It was very much -- it was very paperwork based, but nothing underneath, and Dara used that very much to his advantage.  He could recite the child protection policy verbatim, and he knew what to write down, when to write it, who to send it to, and he would talk about this quite openly.  With me, he was quite boastful, and even other members of staff commented on the excessive amount of paperwork that was required for not just child protection, but anything to do with health and safety or safeguarding.  And the general consensus amongst other members of staff was that senior management who were in charge of this would issue these rules, but they didn't really know what the running of the school was really like, what was really going on.


I think it's very sad that something like this could have happened, because there was so much focus on bureaucracy the real issues were really missed and they shouldn't have been missed so easily.  You can have a cunning perpetrator, but you should -- and places do have policies in place to stop this from happening.  But because people knew where we were approximately, they knew we were in the building late at night together.
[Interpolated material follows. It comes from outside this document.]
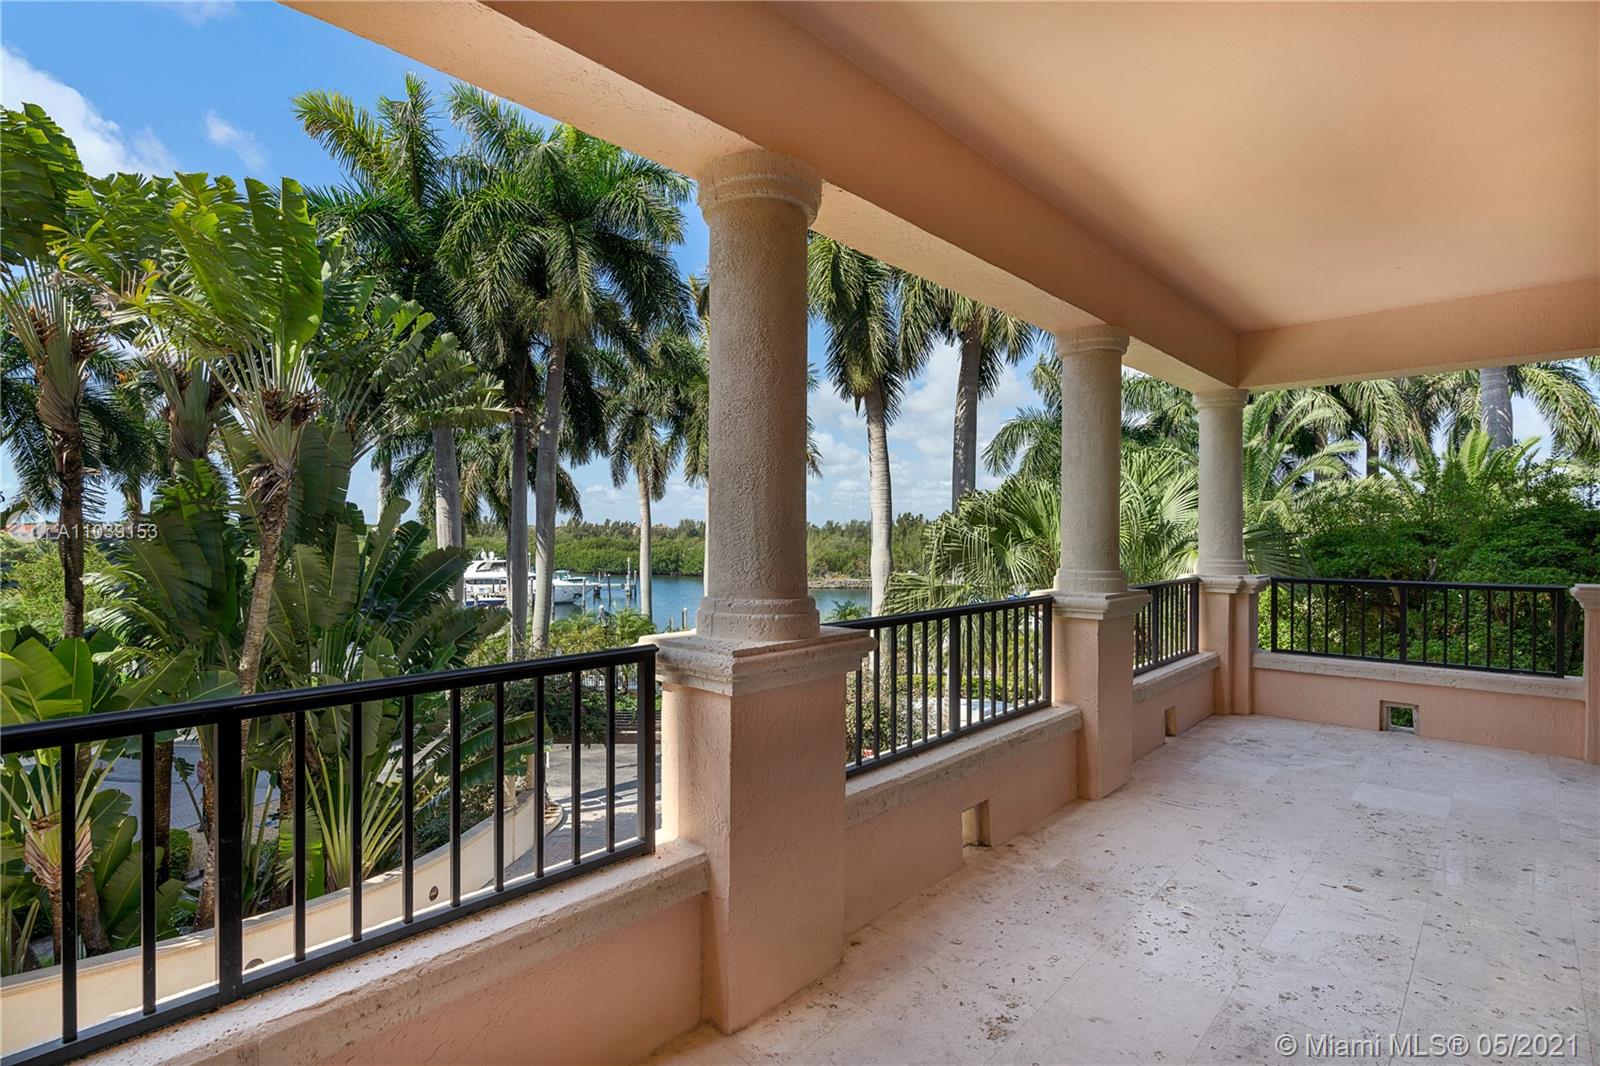 Photo 1 of Deering Bay Condo I Apt 128 in Coral Gables - MLS A11039153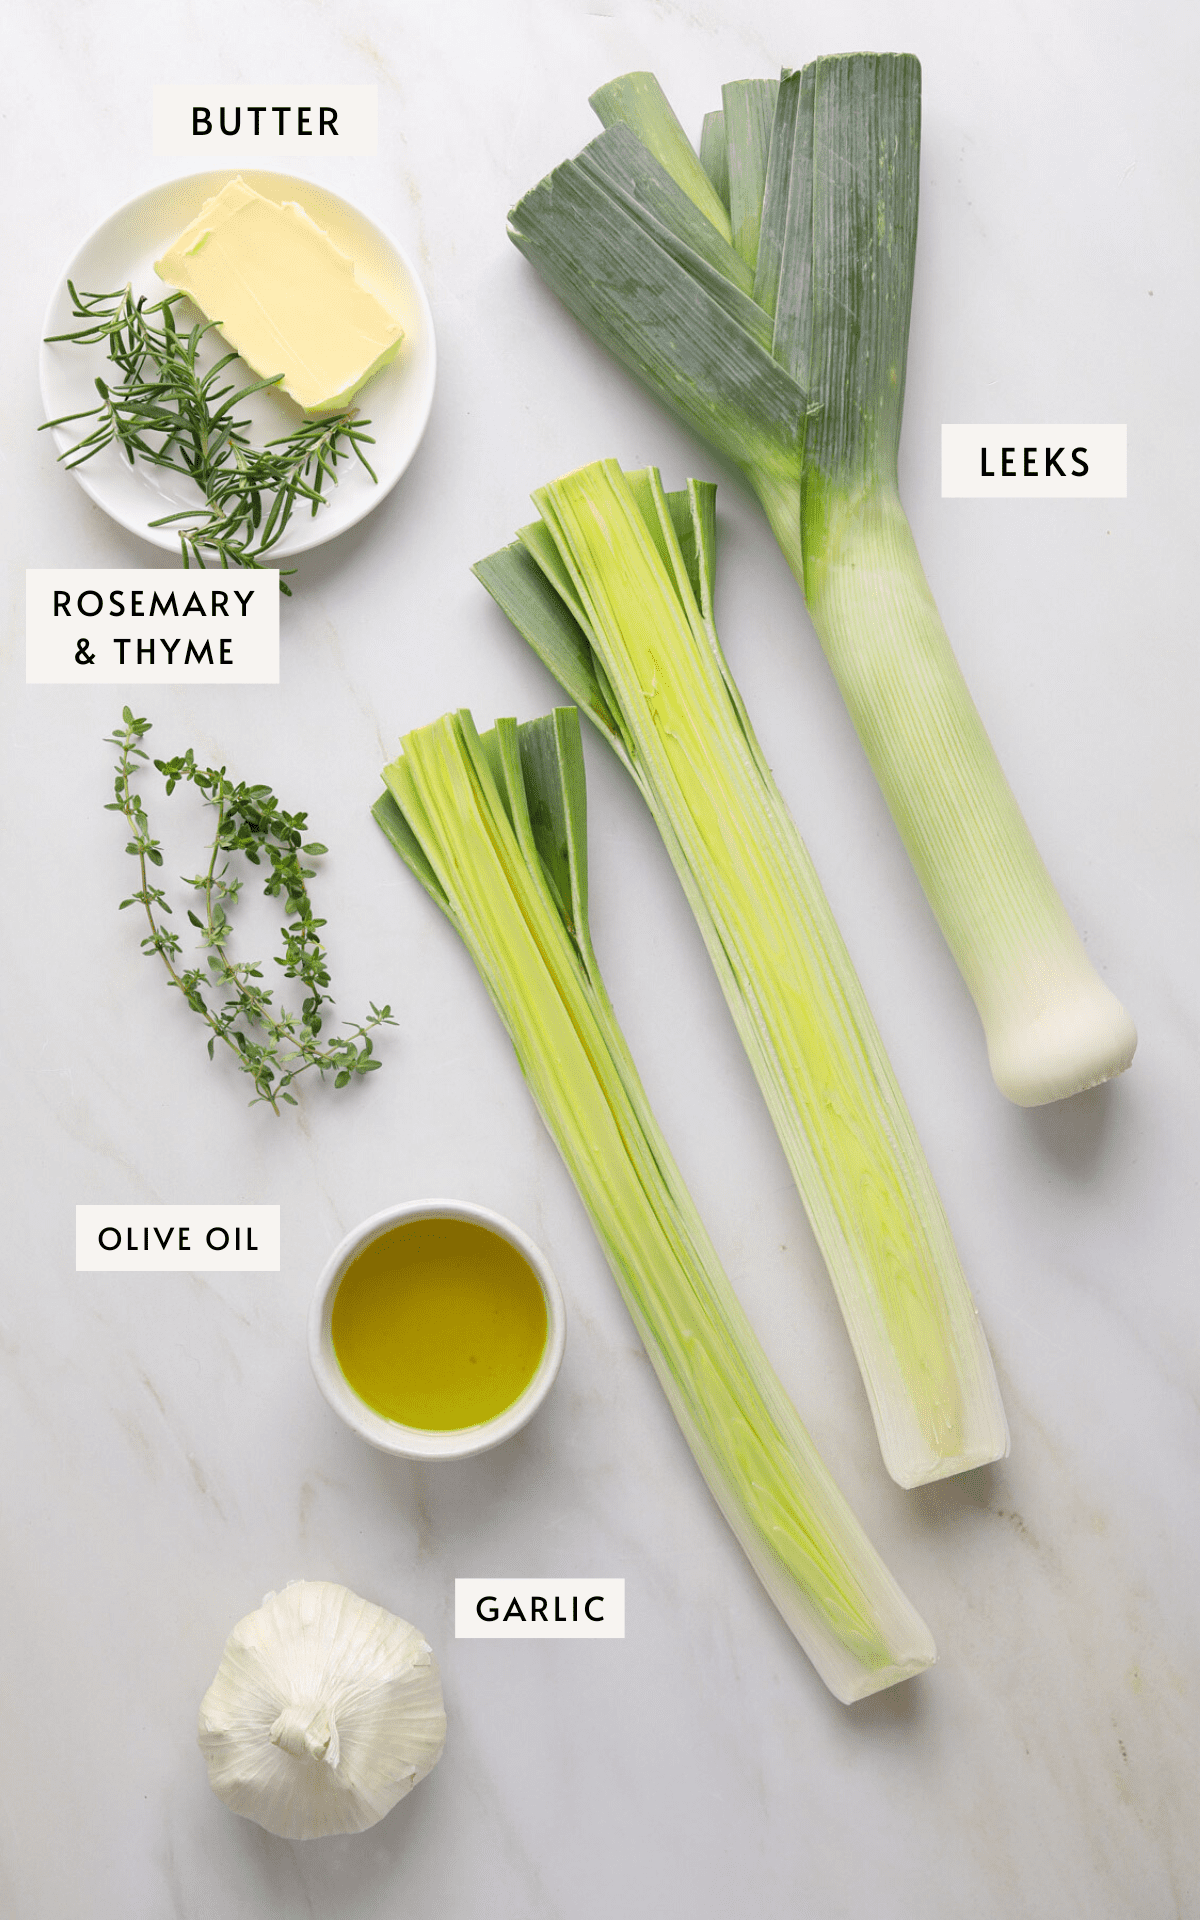 Two leeks (one whole, one cut in halt lengthwise), a small bowl of olive oil, a knob of butter, a head of garlic and sprigs of rosemary and thyme on a white marble background.

Well, they knew where we were, he's filled out a risk assessment, it should all be good, but nobody checked.

About the email thread, he listed these five steps that he'd taken if I said an allegation that wasn't true, but nobody had actually raised it with me when I was 13.  It may have led to an awkward conversation at the time, but if somebody had said something, then it's perfectly possible that it would have prevented the serious abuse that happened following it.  It was, as long as everything was in order and as long as everything looked like it should, then things weren't questioned, things weren't followed through as they should have been followed through.
Q.  One of the things you say in your statement --  I'm looking at paragraph 3 at the top of page 2 -- is that because of the history of recent scandal at Ampleforth and in the wider Catholic Church, the college wanted the outside world to believe it had a strong culture of child protection?
A.  Yes, I think that was correct.  I think there was very much a sense of, because of the past failings, they wanted to be seen that they were doing what they could to correct this.  In their mind, that seemed to be having everything written down.  There was an obsessive emphasis on the completion of safeguarding paperwork, but commonsense and actually looking at what was in front of their faces, that sort of went by the wayside.
The overwhelming impression I get from this testimony is that following the earlier Ampleforth scandals, the aim of the safeguarding arrangements was not to protect children, but rather to protect Ampleforth in the event of a future problem, to protect staff against "unfounded allegations" or if the allegations turned out (as they often do) to be all too well-founded, to be able to say "look, we tried, it's not our fault". The aim was to prevent scandal rather than to prevent abuse. The church's reputation was still uppermost, and it engendered an understandable degree of cynicism amongst staff.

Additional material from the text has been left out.